Discussion
Primary cardiac tumors in childhood are extremely rare and detected tumors with a rate of 0.08% in autopsies, and are mostly benign. The most common histologically seen infantile cardiac tumors are rhabdomyoma (60% -85%) and according to their incidence, teratoma, fibroma, hemangioma and hamartomas, respectively. 4-6. In the last two decades, an increase in the incidence of pediatric cardiac tumors has been reported due to the increase in noninvasive imaging methods, the technological development of TTE devices and the widespread use of them. Patients admission complaints depend on the size and localization of the mass, as they have an inlet or outlet obstruction and arrhythmogenic effect 7. In general, the indications for resection are to eliminate hemodynamic and respiratory pathologies, if any, severe arrhythmia and a significant risk of embolization. These tumors are highly associated (60-80%) with TSC. It originates from the free wall of the ventricle and ventricular septum. The diagnosis of rhabdomyom is based on the characteristic TTE features of the tumor, in addition to the cutaneous, central nervous system or renal manifestations of tuberous sclerosis. In TTE examination, they are seen as well-circumscribed, homogeneous and echo bright masses. Many studies have shown that rhabdomyomas that are medically followed and partially resected will regress spontaneously within 1 to 3 years.

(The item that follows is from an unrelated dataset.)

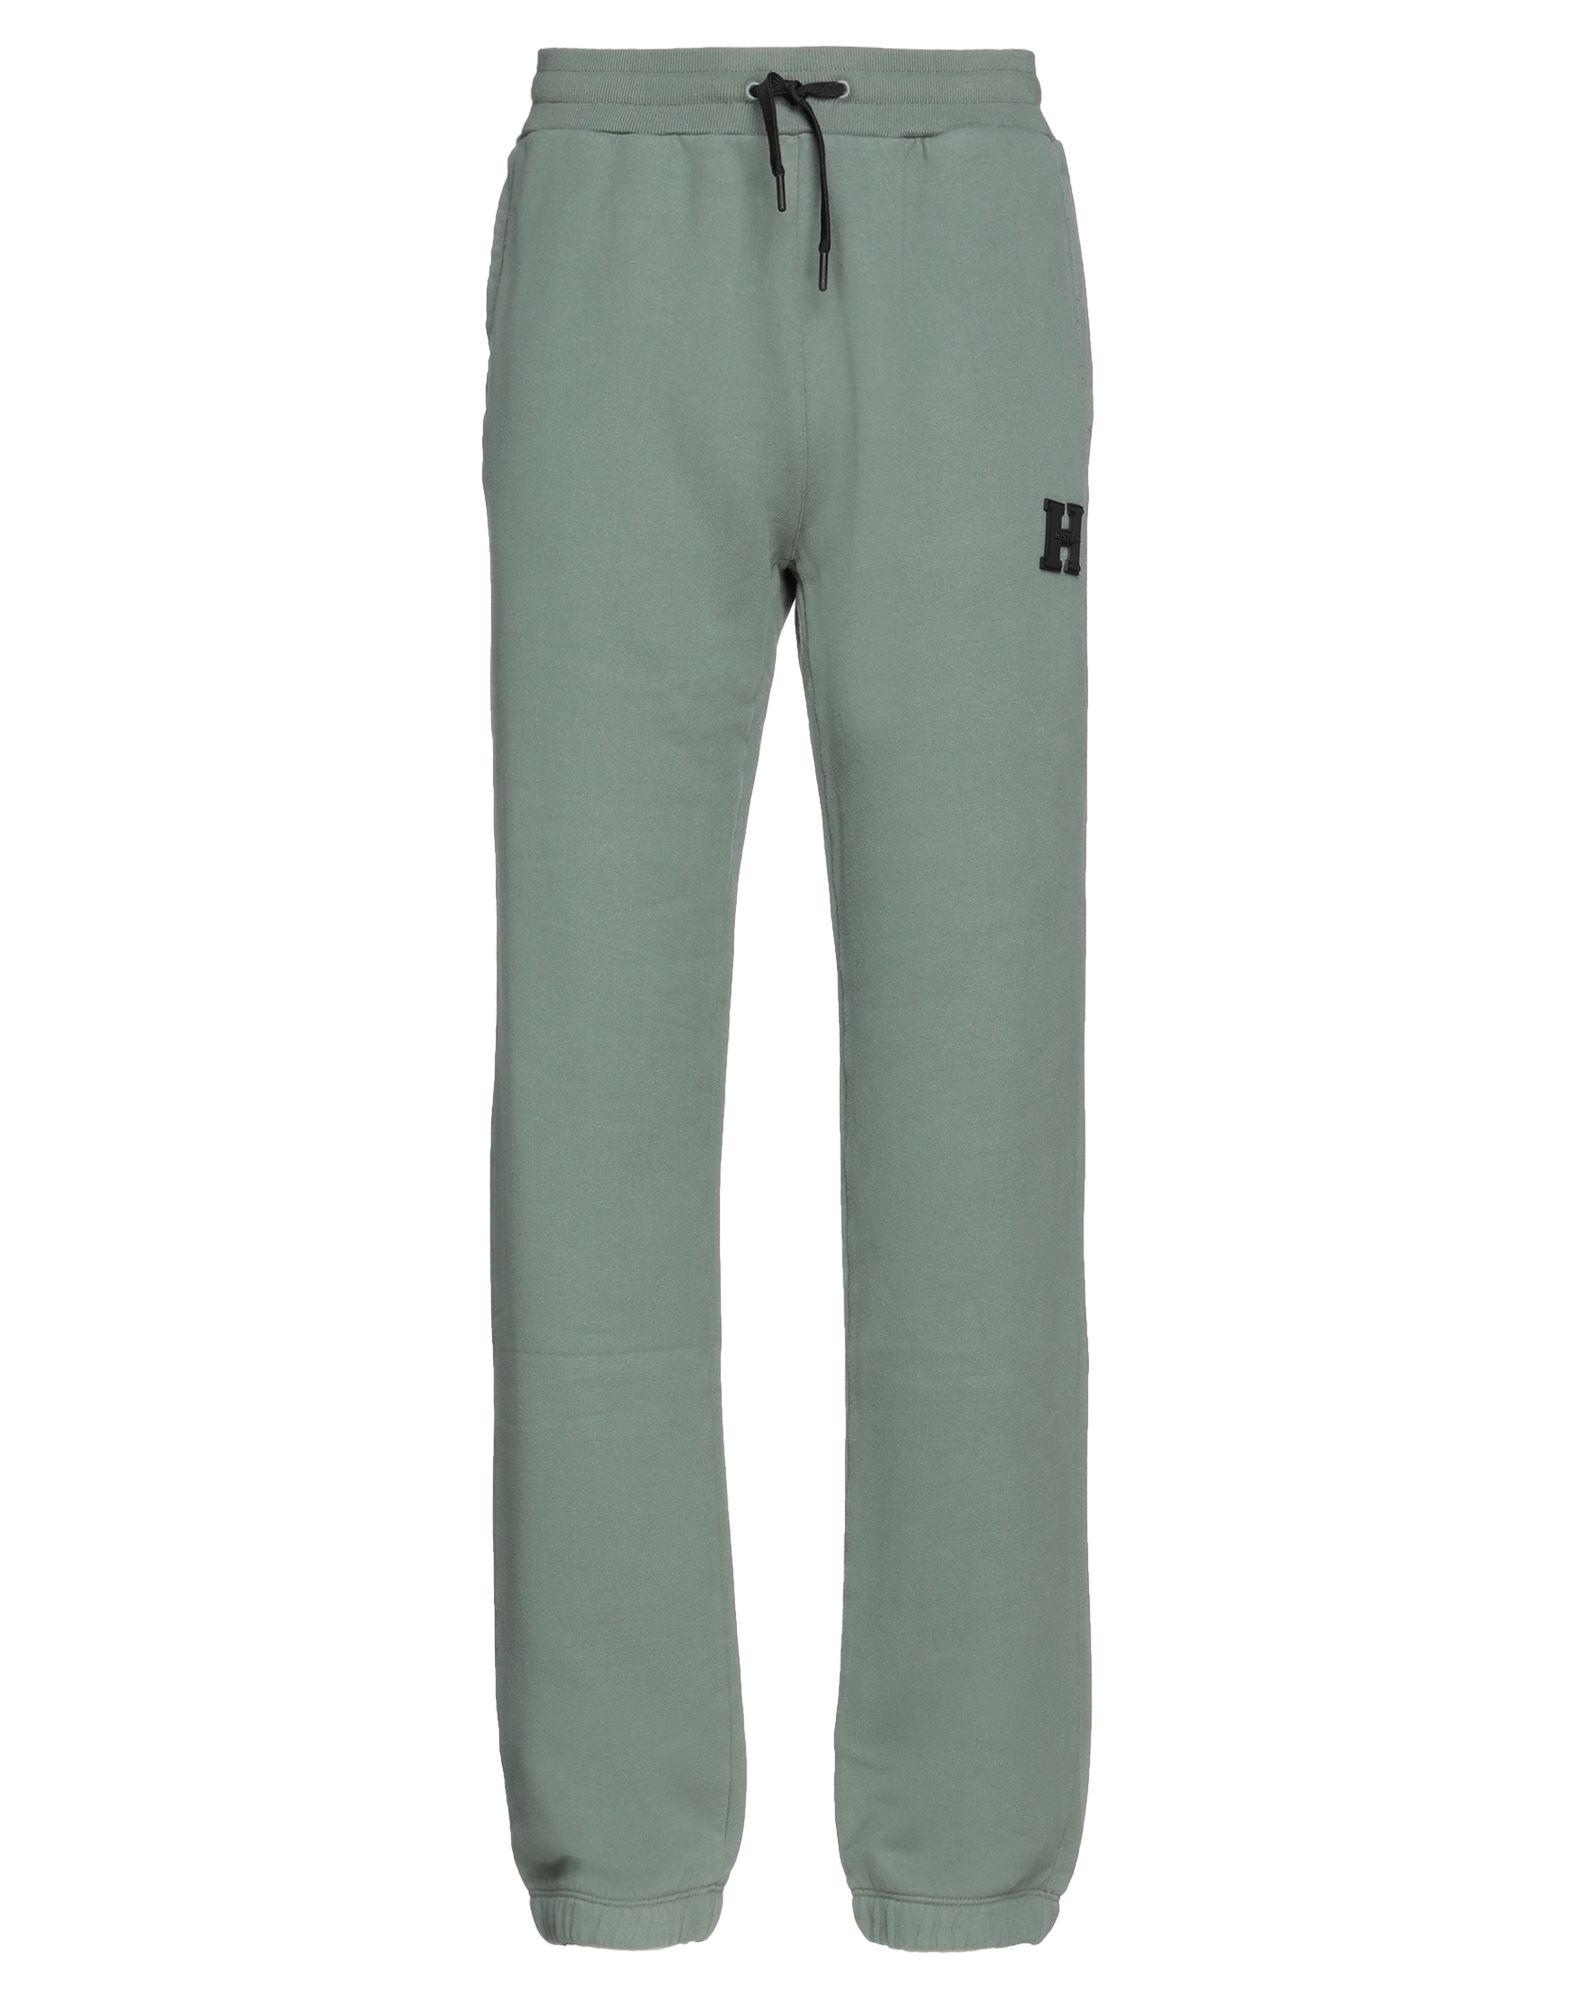 Historic Pants In Sage Green

The patient we presented had AVSD and PDA accompanying rhabdomyoma. In the literature, the patient with congenital heart defect associated with TS and rhabdomyom is very rare. In the study published by Jiang et al.3, they mentioned that the heart may disrupt the growth pattern in the region where the mass appeared during the embryological development phase. In our case, since the intrauterine cardiac examination was not performed, it cannot be clearly revealed in which trimester the rhabdomyoma occurred. However, the atrioventricular canal defect and the area where the rhabdomyom is located are very close, suggesting that the tumor may have caused the supposed development defect.
In the literature, it has been observed that the rhabdomyoma associated with the TSC is largely multiple. However, we observed a solitary rhabdomyom in our case. In the study conducted by Bader et al. with 26 patients, the tumors in diagnosis were single in 5 patients (19%) including right or left ventricle and multiple in 21 patients (80.8%)8. In a study conducted by Sciacca et al. with 33 patients, multiple rhabdomyomas were detected in all tuberous sclerosis patients 9. It is well known that AV channel defects often coexist with down syndrome. However, in our case, the absence of down syndrome is also interesting.
We did not excise rhabdomyoma in our patient, since it was asymptomatic, was largely intramyocardial, and would cause destruction in the surrounding structures during excision. Malign arrhythmias that may develop in the postoperative period after excision could be fatal. After birth, rhabdomioma cells lose their ability to divide, and tumor regression in infancy is an expected result regardless of tumor size. In more than 80% of tumors, full regression can occur in early childhood. In addition, it has been revealed by many studies everolimus, an mTOR inhibitor, have shown that this drug accelerates shrinkage in the size of rhabdomiomas by up to 12 times 10,11.